**Dataset excerpt**
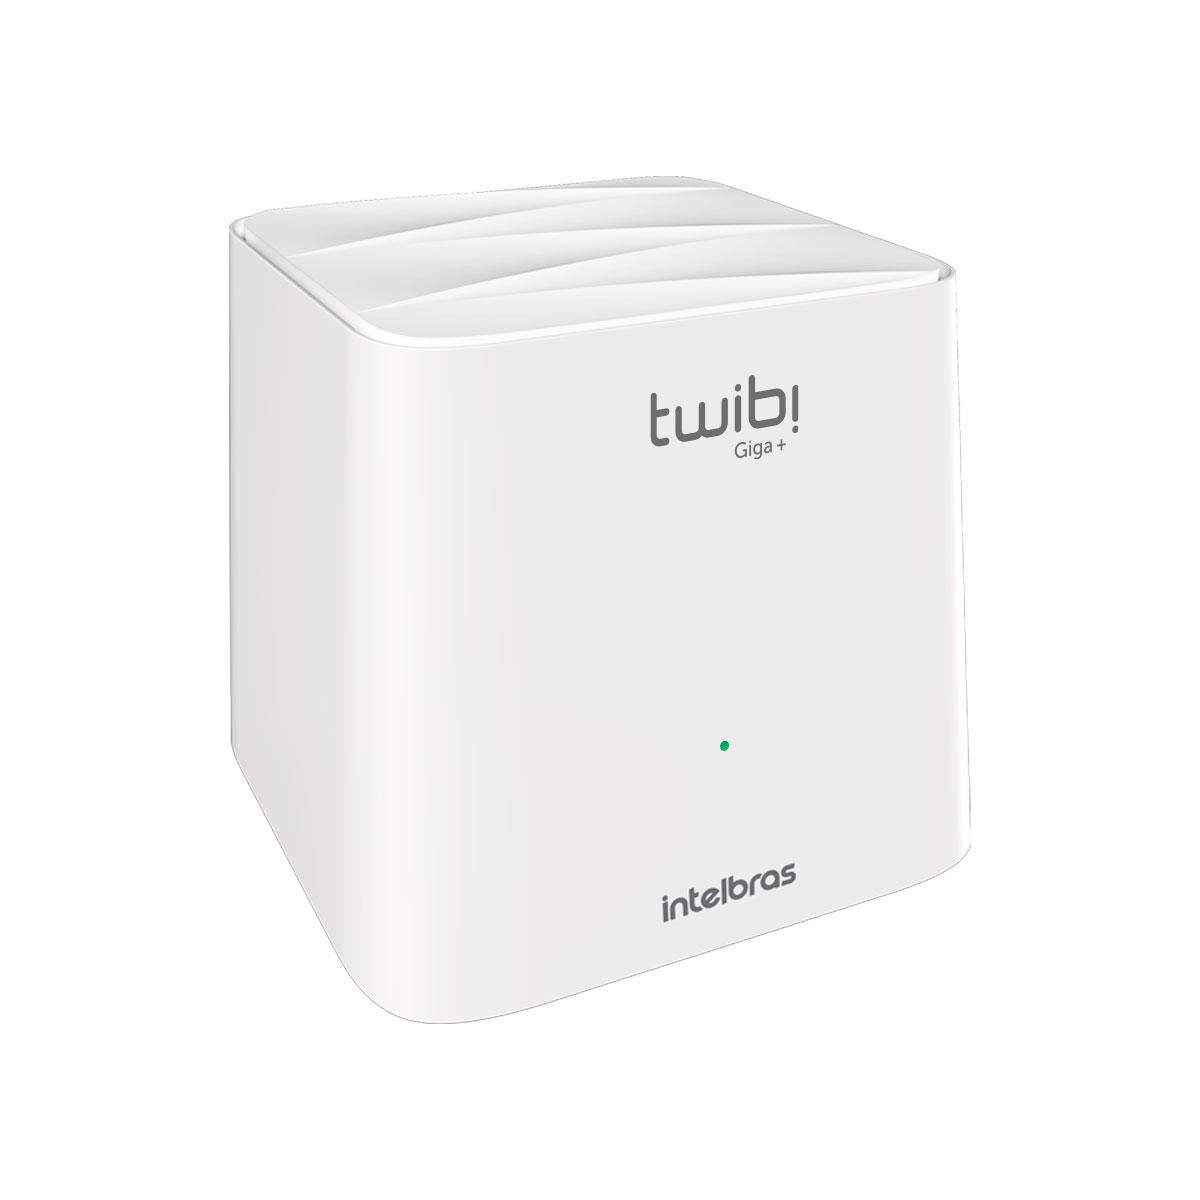 CONJUNTO ROTEADOR MESH TWIBI GIGA+ AC1200 DUAL BAND PACK C/2 4750079  - Audio Video & cia
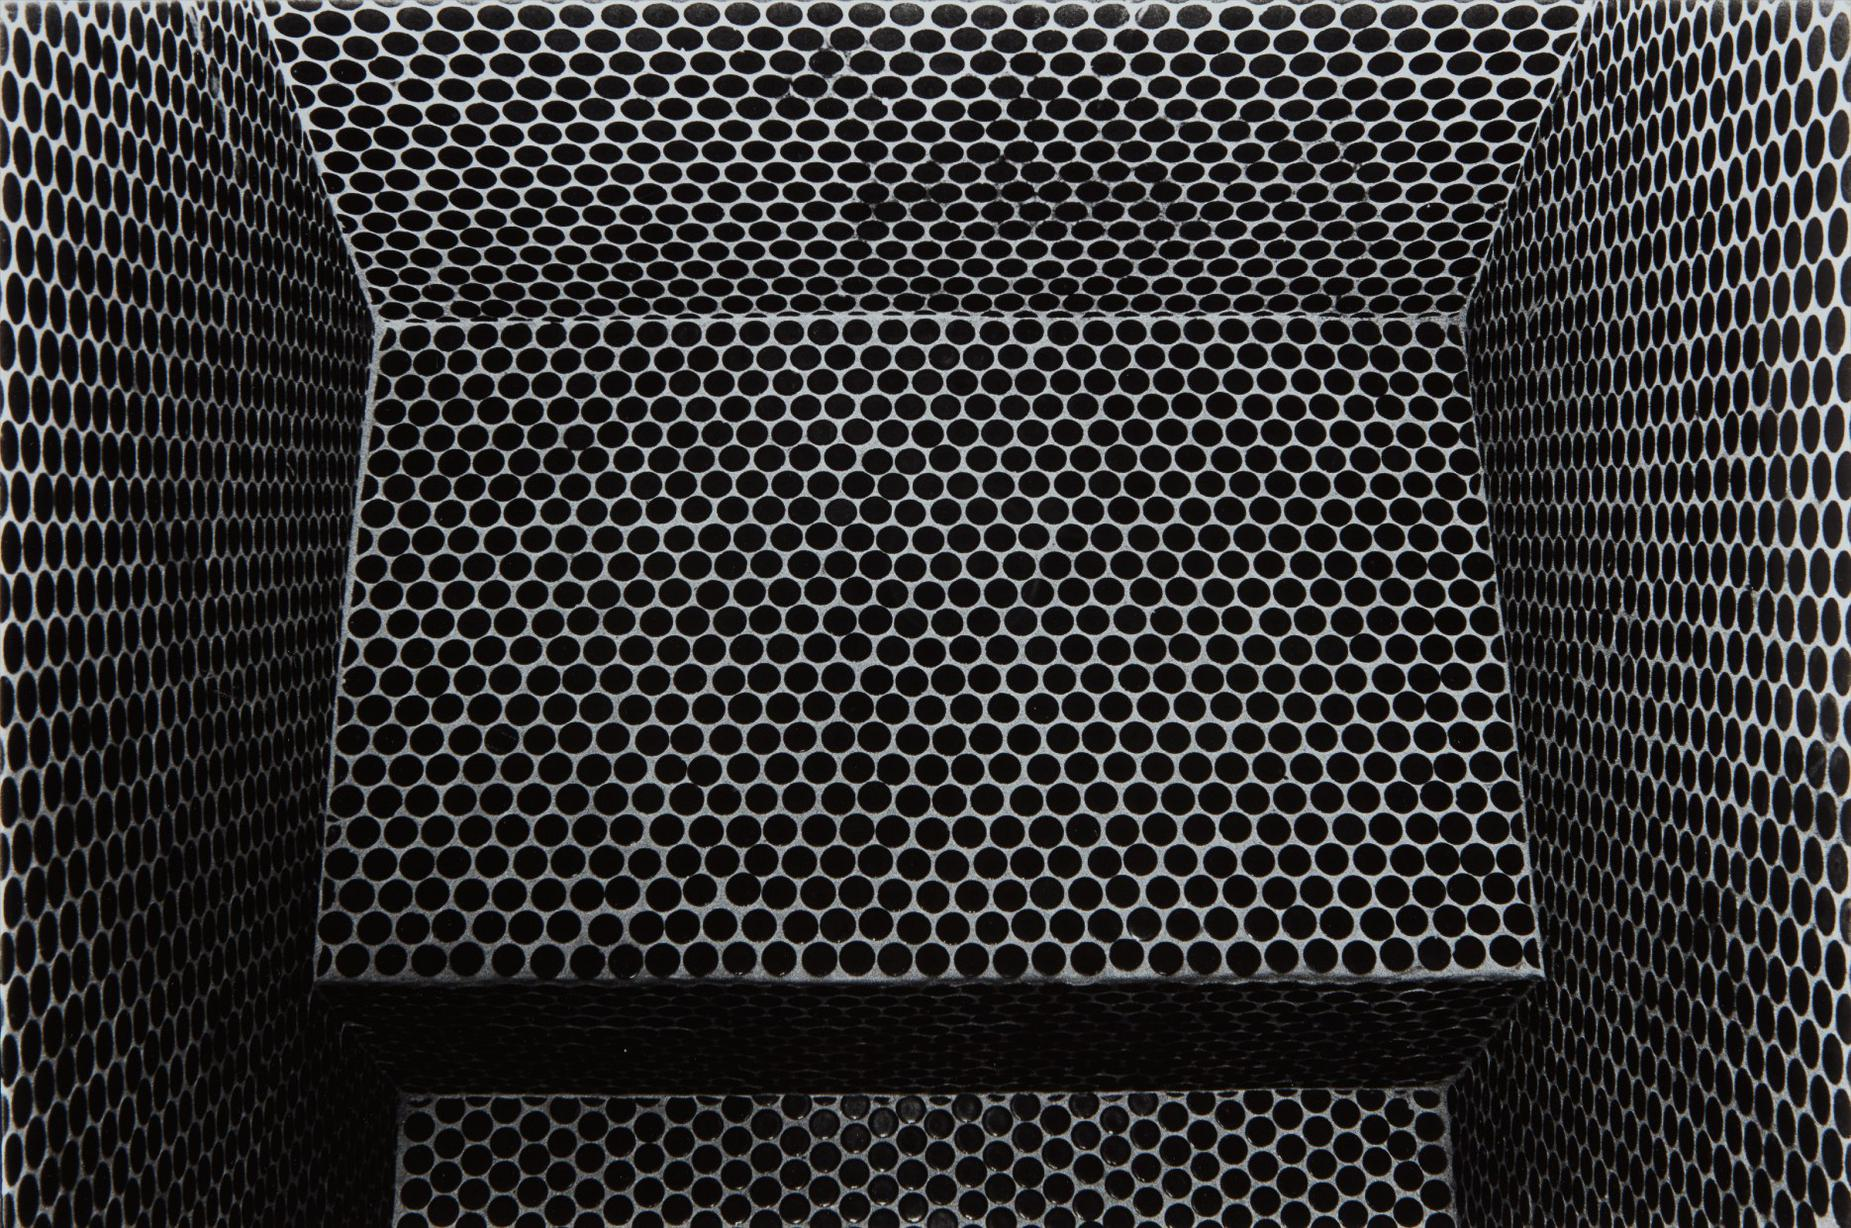 Daido Moriyama-How To Create A Beautiful Picture 3: Tiles Of Aizuwakamatsu-1987
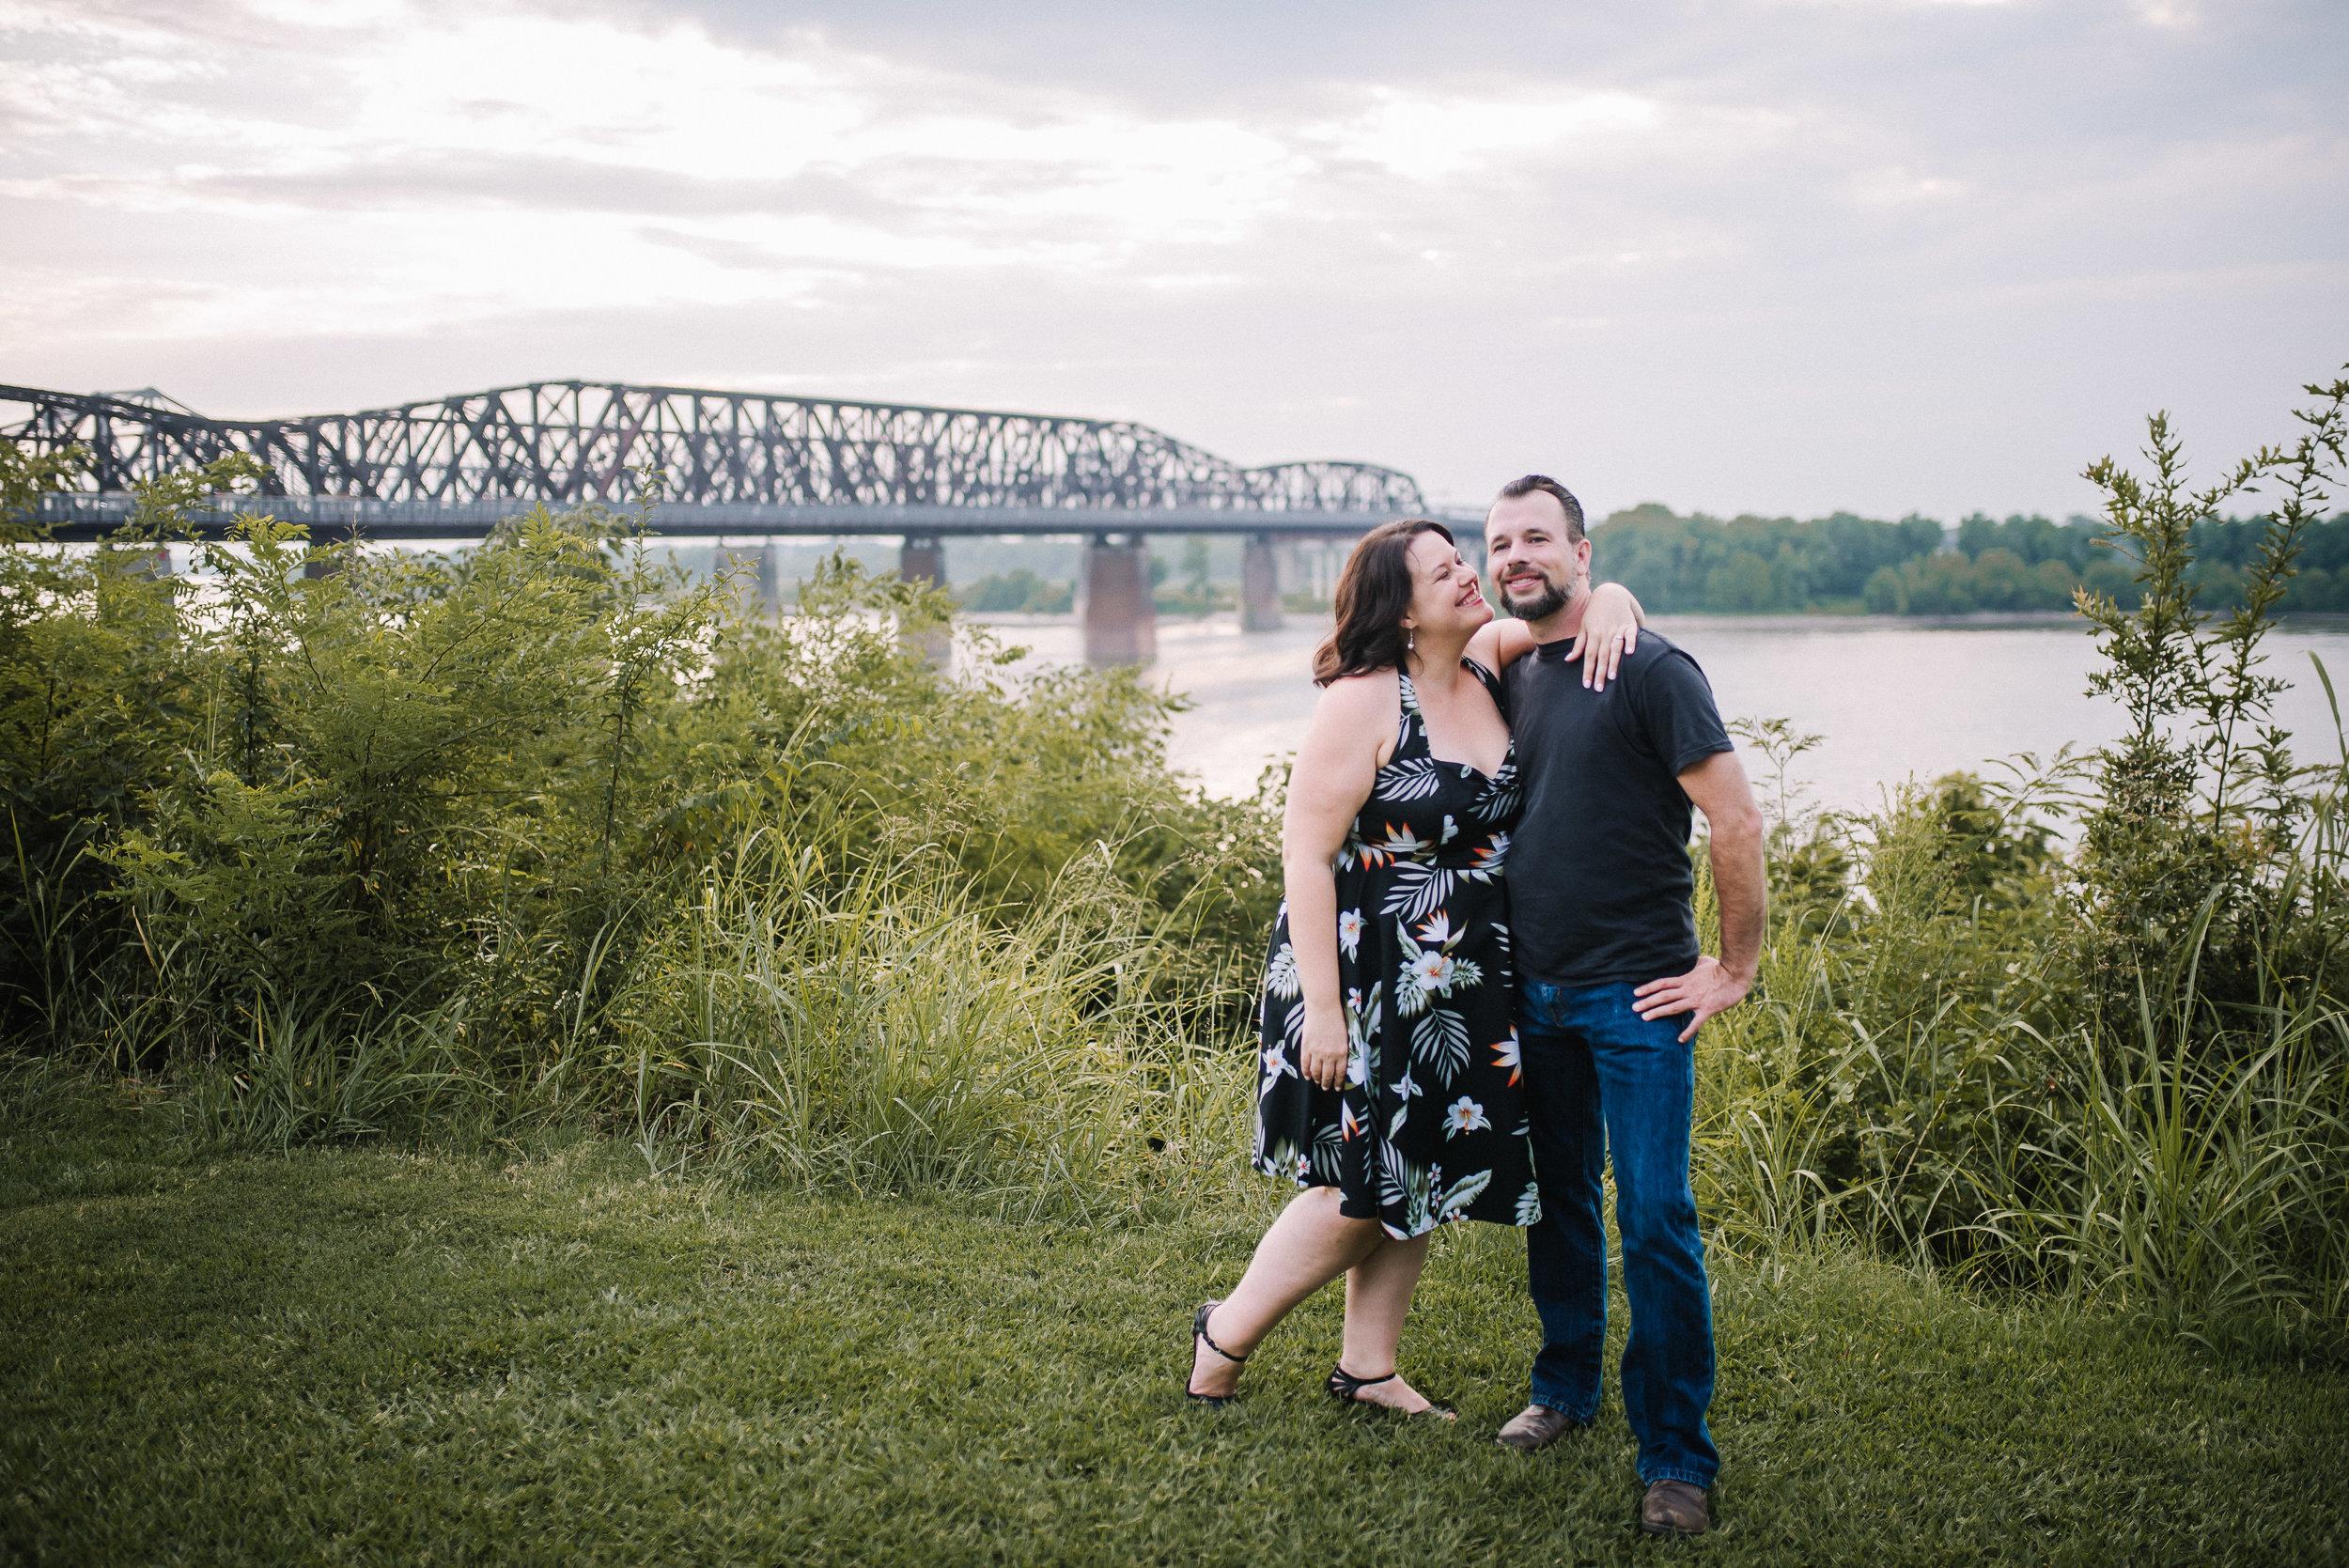 Megan & Steve_Broad Ave Engagement_Ashley Benham Photography-56.jpg

**Problem**
Type the lines above out again exactly as they appear, skipping every picture.

**Result of the exercise**
 CONJUNTO ROTEADOR MESH TWIBI GIGA+ AC1200 DUAL BAND PACK C/2 4750079  - Audio Video & cia
 Daido Moriyama-How To Create A Beautiful Picture 3: Tiles Of Aizuwakamatsu-1987
 Megan & Steve_Broad Ave Engagement_Ashley Benham Photography-56.jpg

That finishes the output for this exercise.